Regulatory reform proposals

While the industry has traditionally been regulated by individual states, critics of the current system say it stifles competition and that it’s overly complex and burdensome. Many life insurers and some large P/C companies endorse an optional federal charter (dual charter), similar to the system regulating banks where companies would have the option of either federal or state regulation.

Banks have had the option of federal oversight for about 140 years. Under the dual banking system, banks can select either federal or state regulation, depending on the product. As a result, the financial services industry has been able to bring new products to market in a matter of weeks.

Those opposing a federal charter say that providing such an option would allow insurers to play state and federal regulators off of each other, whereby companies would jump back and forth to whichever standard is more lenient.

Another proposal calls for state regulatory reform within standards set by the federal government. In March 2004 Michael Oxley (R-Ohio), chairman of the House Financial Services Committee, announced plans to introduce legislation that creates a state and federal council to oversee the industry, with states as the primary regulator. Oxley’s proposal calls for uniform agent licensing, a uniform market conduct law and elimination of P/C product price controls.

Although it appears to address some of the efficiency concerns, at least one consumer group (Consumer Federation of America-CFA) has voiced concerns as to whether or not states could protect consumers if not given full regulatory authority. Insurance protection during and after regional disasters is another concern. Some groups contend that state regulators are better equipped to supervise coverage in such events.

Receiving CFA support is S. 1373 introduced by Senator Fritz Hollings (D-South Carolina). According to CFA, the bill calls for a unitary federal regulatory system under which interstate insurers would be regulated. Intrastate insurers would fall under state regulation. It also calls for repeal of the industry’s anti-trust exemption under McCarran Ferguson, federal approval of pricing and annual market conduct exams.

National trade viewpoints

Critics of the current regulatory environment feel that the need for a federal charter is driven by a need for regulatory and marketing efficiencies. Federal charter proponents include the American Insurance Association, Ameri-can Council of Life Insurers and Ameri-can Bankers Insurance Association.
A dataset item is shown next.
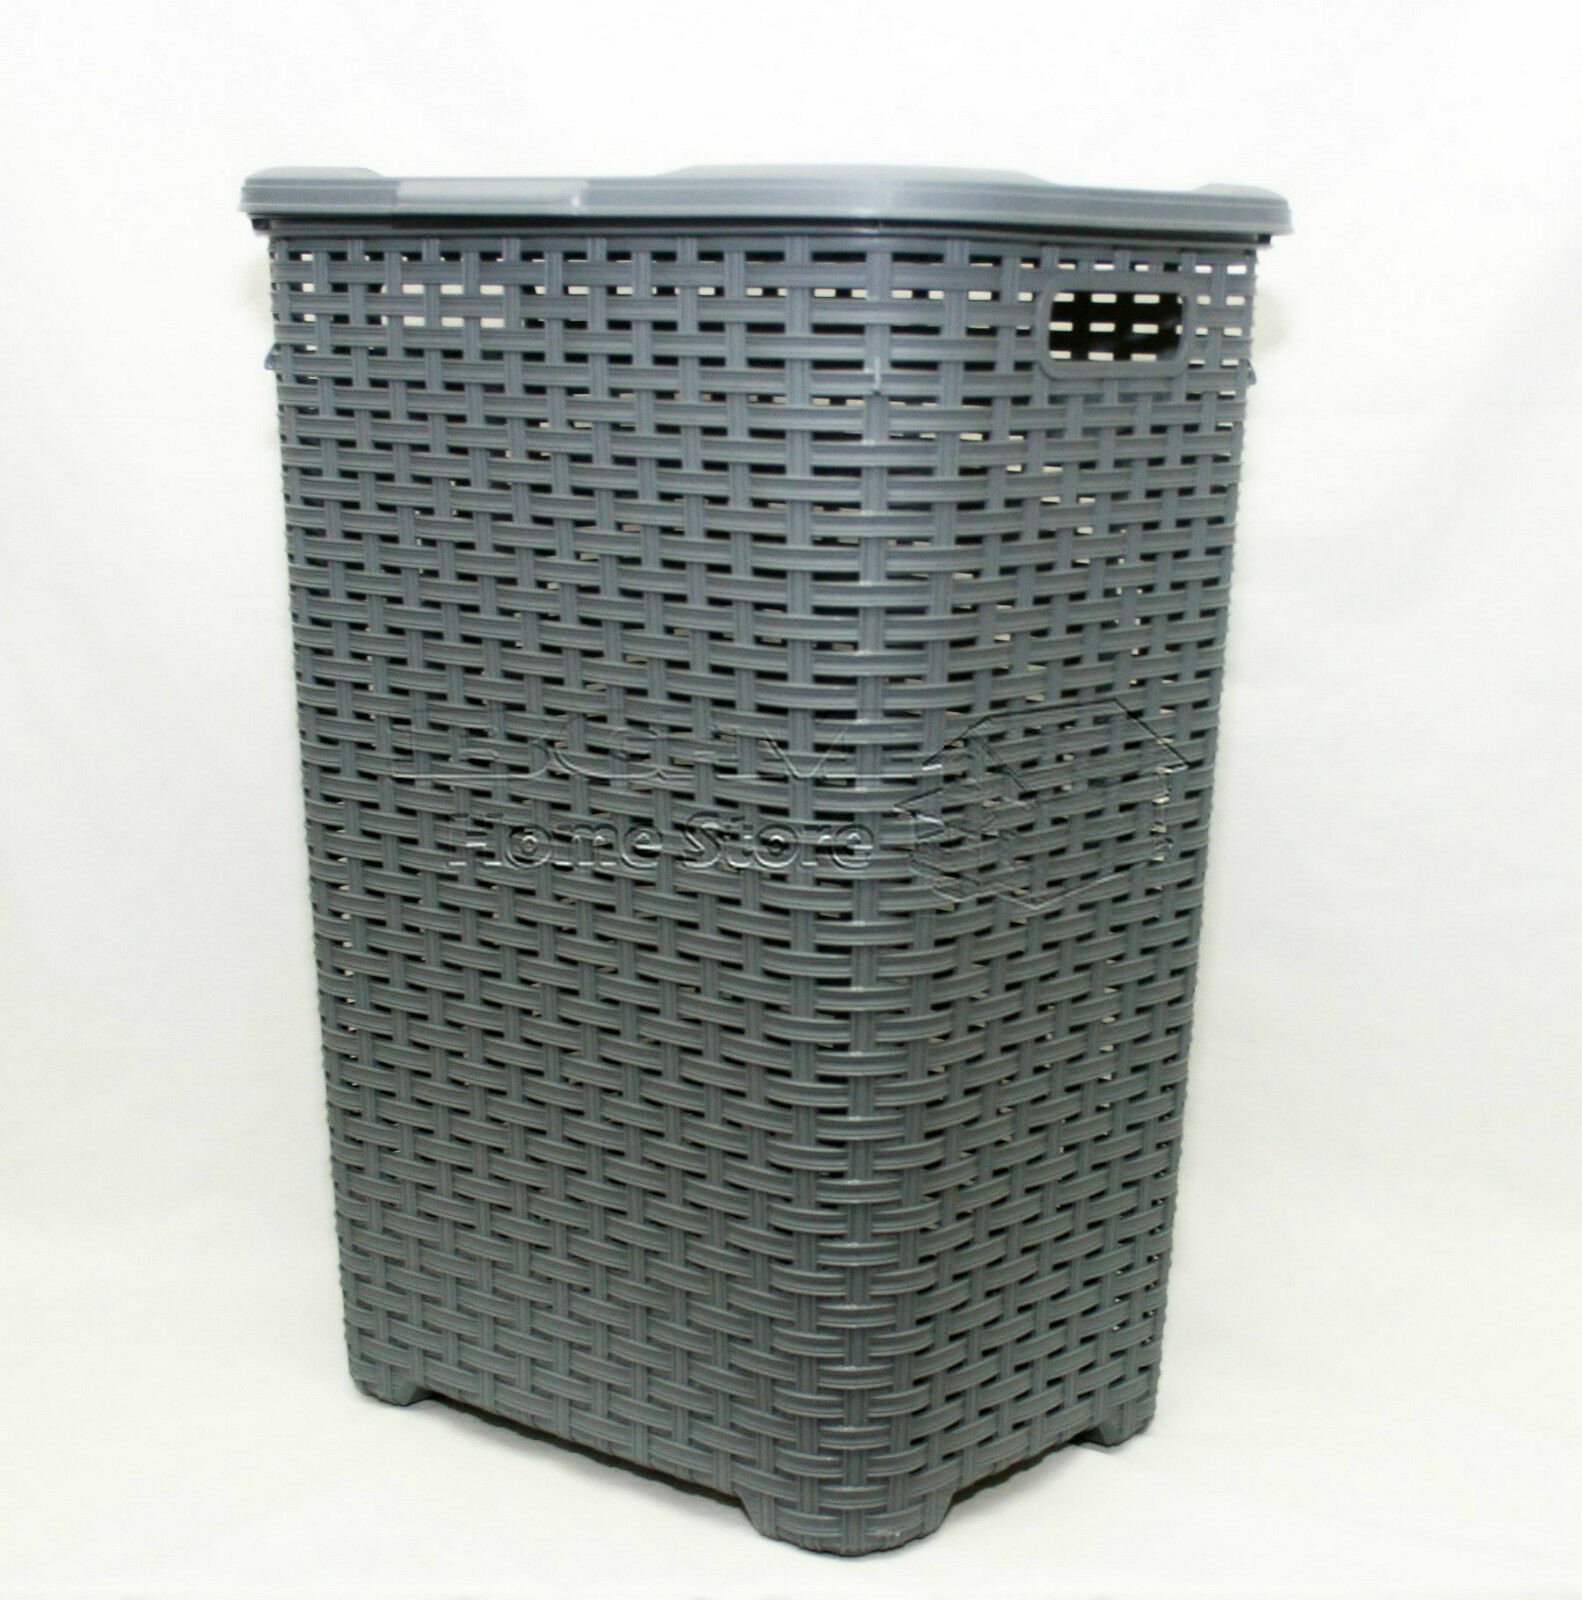 9cae8dfed54 2X 60L Woven Style Rattan Plastic Laundry Basket Bathroom Bin ...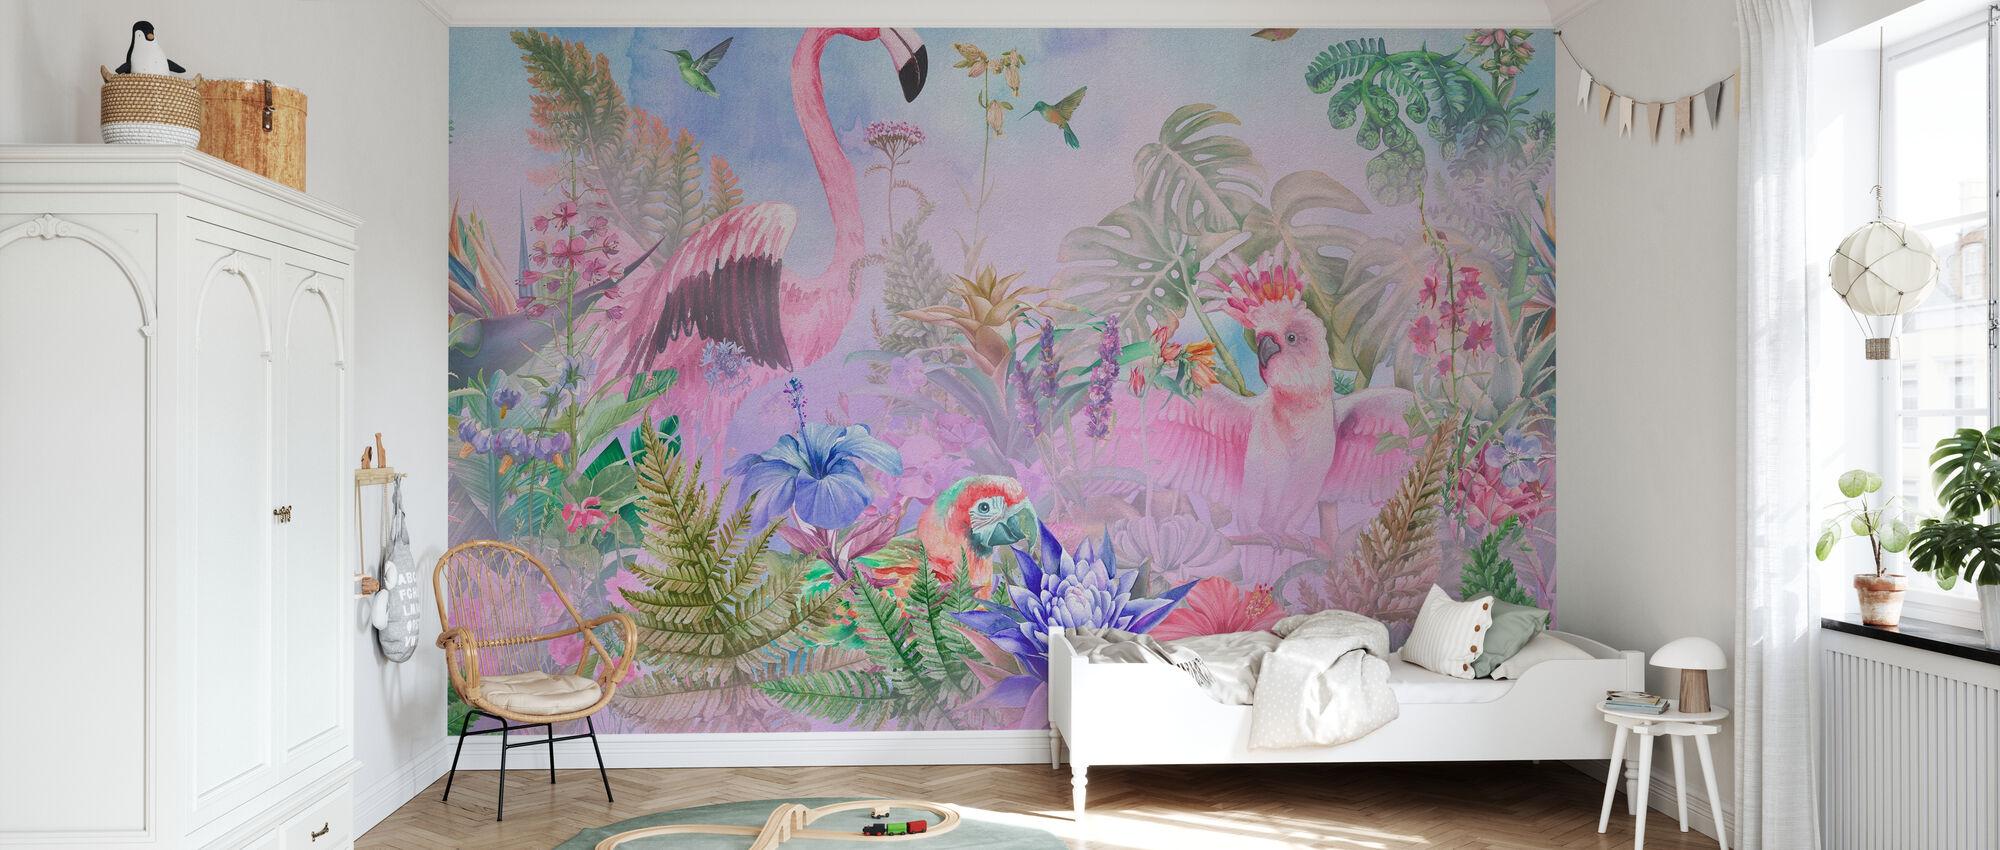 Riesiger Flamingo - Tapete - Kinderzimmer

Supporters of state regulatory reform with some level of federal intervention (such as the Oxley proposal) include the Property Casualty Insurers Association of America, National Association of Mutual Insurance Companies, National Association of Professional Insurance Agents, Independent Agents & Brokers of America and the National Association of Insurance Commissioners (NAIC).

These trade groups, mostly long-time supporters of state regulation, contend that a dual charter not only lessens the power of state regulators, but jeopardizes company competitive market structure and hinders consumer protection. They also contend that the industry and consumers are better off with state system reforms rather than tossing it and that federal involvement would provide greater uniformity in such areas as company licensing and market conduct examinations.

NAIC modernization movement

In response to the critics of the current system, the NAIC has embarked on modernizing and streamlining insurance regulation. In accordance with a provision of the Gramm-Leach-Bliley Act of 1999, the group was mandated to certify whether or not states met certain agent reciprocity requirements. As of December 2001, 48 states had passed some type of licensing reform legislation.

The NAIC also issued a modernization act in September 2003 emphasizing the need to continue state insurance regulation reforms, including the implementation of an interstate compact plan to create uniform product standards. The NAIC hopes to have implementation by least 30 states or by states representing 60% of the life and annuities market by year-end 2008.